Protein purification

The restricted fragment was subcloned into the expression vector pHis8 (Jez et al. 2000b) (kindly provided by J.P. Noel, La Jolla, USA). For expression of the WtPKS1 protein, Escherichia coli BL21-CodonPlus® (DE3)-RIL (Stratagene, La Jolla, USA) were used (750 ml culture volume). After growing to OD600 0.6–0.8 at 37°C the cells were induced by 0.5 mM IPTG for 3 h at 22°C. Cells (OD600 2.9) were harvested (4,000×g, 10 min), washed (25 mM Pi buffer, 150 mM NaCl, pH 7.4) and frozen at −80°C.

After resuspension (20 mM Pi buffer, 0.5 M NaCl, 20 mM imidazole, 0.02 mg ml−1 RNase A, 0.04 mg ml−1 DNase, 1 mM PMSF, 3 mM β-mercaptoethanol) the cells were disrupted in a French press (SLM Instruments, Urbana, USA) at 1,018 psi.

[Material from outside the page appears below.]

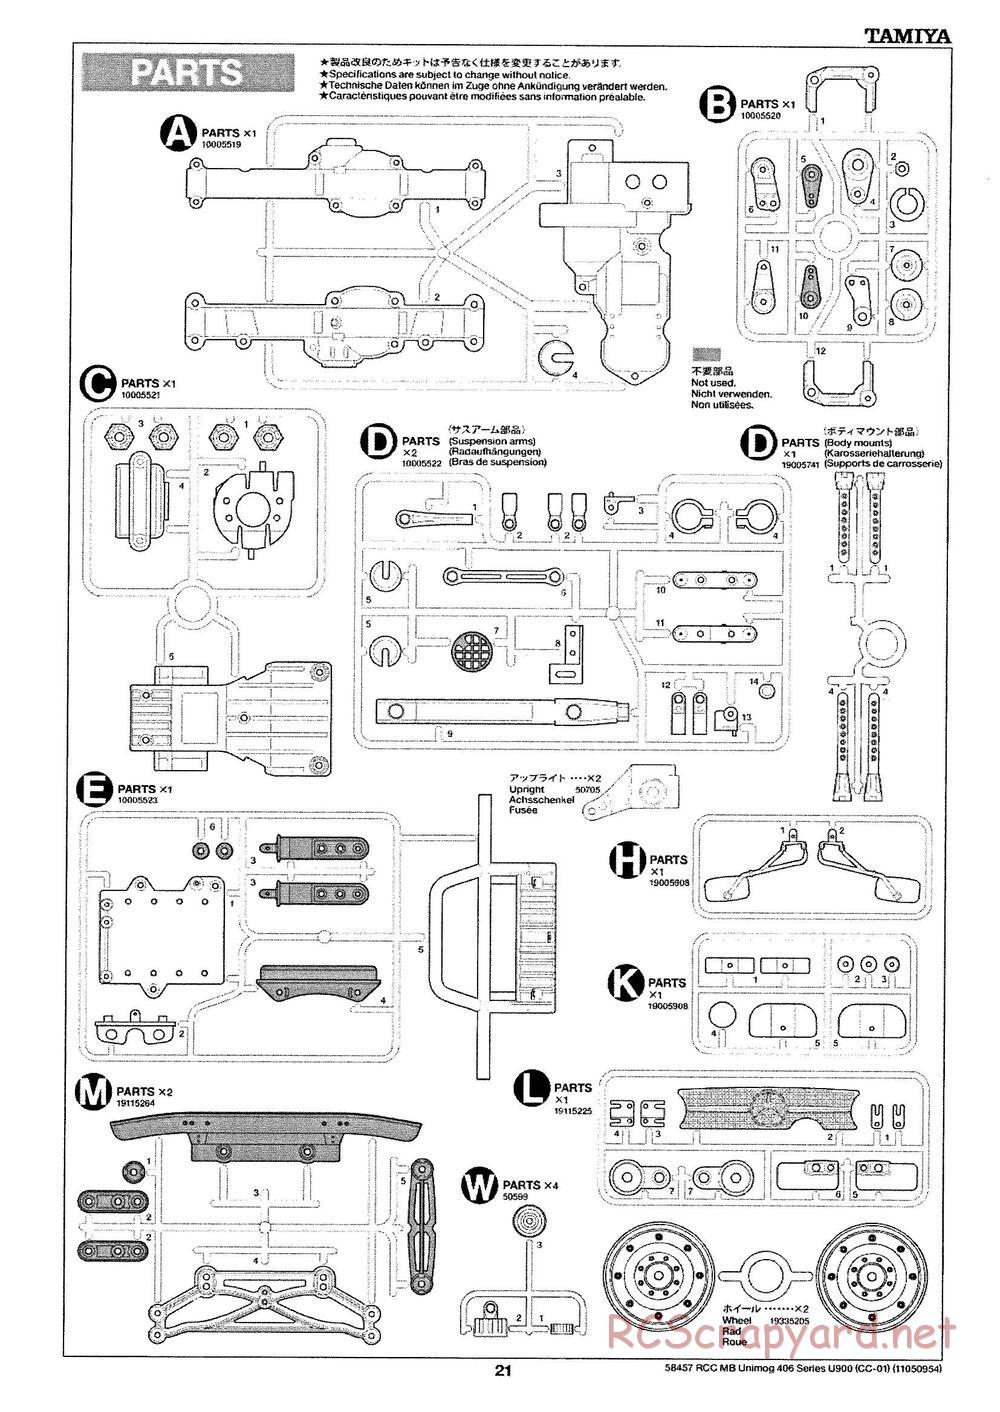 Tamiya - Mercedes-Benz Unimog 406 Series U900 - CC-01 Chassis - Manual - Page 21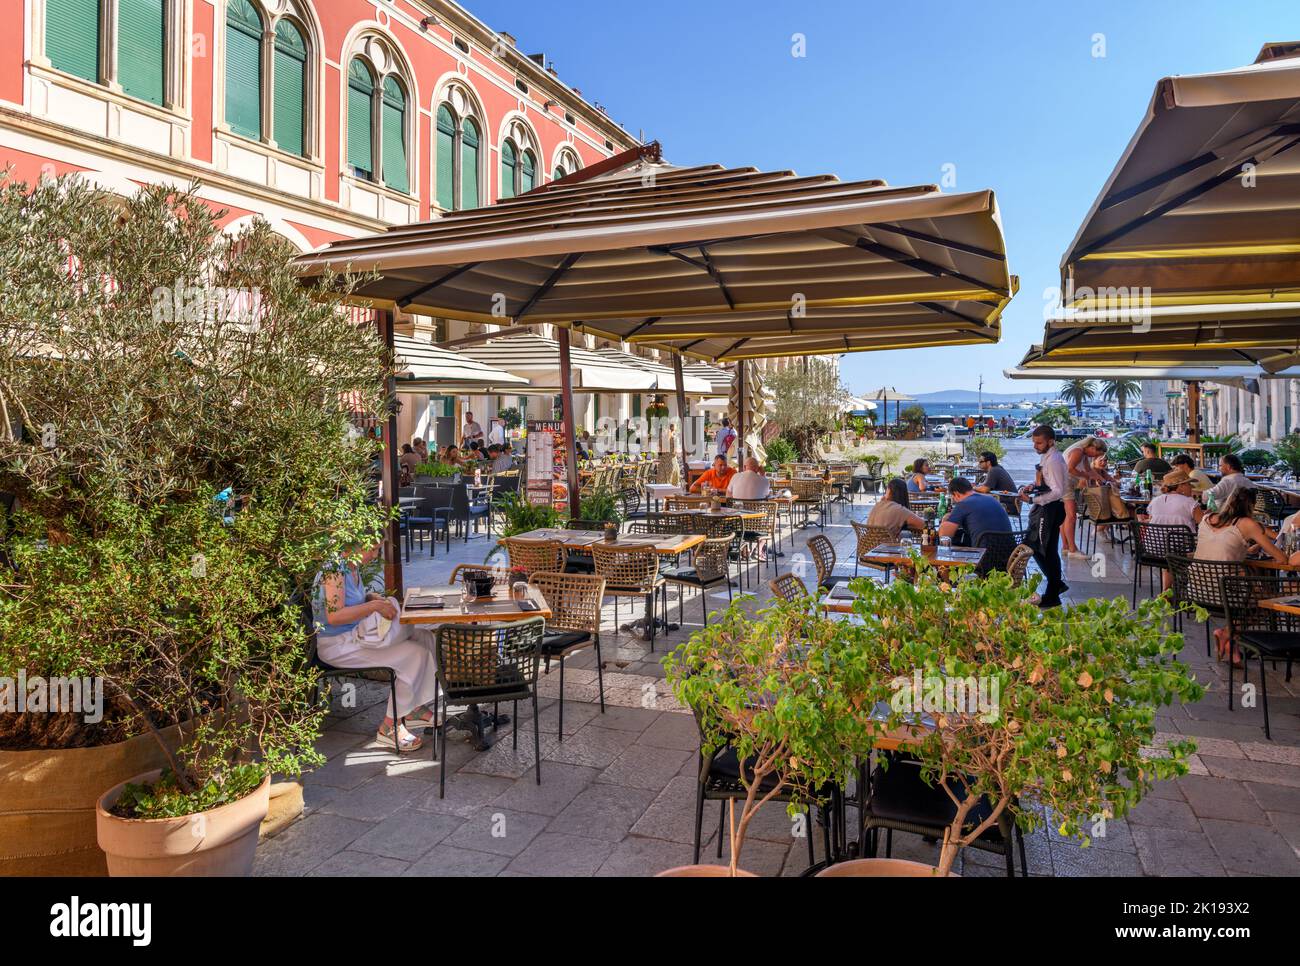 Restaurant on Trg Republike (Plaza de la Republica), old town of Split, Croatia Stock Photo

After centrifugation (10,000×g, 20 min), the crude extract was loaded on a Ni-NTA column (HiTrap Chelating HP, Amersham, Buckinghamshire, UK) with Ni2+ as affinity ligand. The column was washed with 80 and 150 mM imidazole buffer (20 mM Pi buffer, 0.5 M NaCl, 3 mM β-mercaptoethanol and the indicated concentration of imidazole, pH 7.4) and the protein was eluted with imidazole buffer (500 mM). Imidazole was removed by gel filtration (PD10, Amersham). The final buffer (0.1 M Hepes, pH 7) contained 0.1 M NaCl, 10% glycerol and 2 mM DTT. Protein content was measured according to the method of Bradford (1976) (Bio-Rad Protein Assay) with bovine serum albumin as a standard. The purity of the protein was verified by SDS-PAGE electrophoresis. Typically, from this procedure 4.5 mg of purified protein (3 mg ml−1) was obtained. Immunoblots were carried out as described (Lanz et al. 1991).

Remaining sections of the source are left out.